This code is structured as follows:
stage1: VAE modules
stage2: diffusion module
clip: dataset alignment
Preprocessing: function to create subsets and generate

1. The VAE (or first stage module) is located in the `stage1` folder. After setting the correct configuration in the
corresponding config file and defining the appropriate data loader, you can train this module using `python main.py`.

2. After training the VAE:
    - Instantiate the CLIP model and transfer the VAE encoder weights to the CLIP model encoder.
    - Train the dataset alignment with `python cliptrainer.py`. This step can be skipped if you already have a
    pretrained set-transformer suitable for your tasks.

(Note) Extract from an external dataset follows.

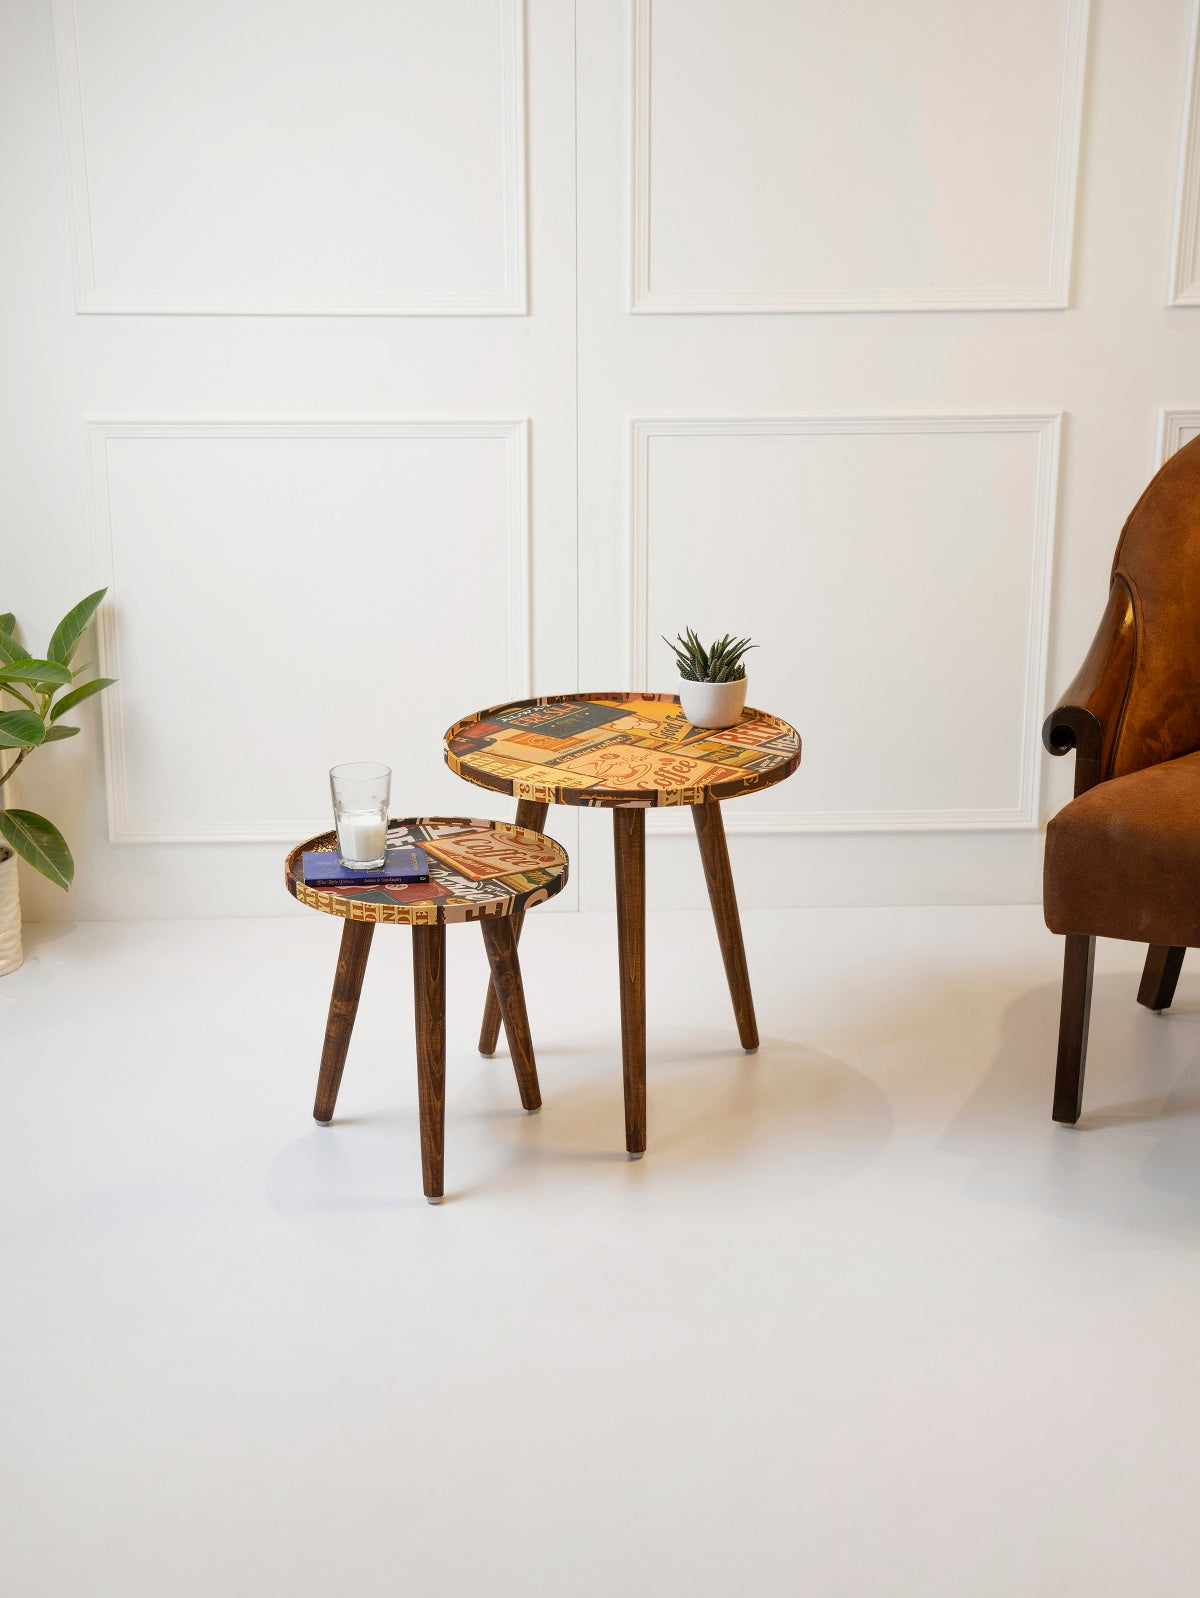 Crushing on Coffee Round Nesting Tables with Wooden Legs, Side Tables, Wooden Tables, Living Room Decor by A Tiny Mistake

3. After training the set-transformer, extract the set-transformer checkpoint from the previous stage and save it.

4. For training the diffusion process:
    - Load the pretrained VAE and the pretrained set-transformer by setting their checkpoint locations in the config file.
    - The diffusion model is located in `stage2`. Train it by running `python dtrainer.py`.

Additionally, the `Helpers` folder contains some helper functions that enable reconstructing the pretrained checkpoint
 from vectors."
 In file compute_condion.py we show an example of building the input for set-transformer.
 In folder prerpocessing we provide example of code to compute pretrained features.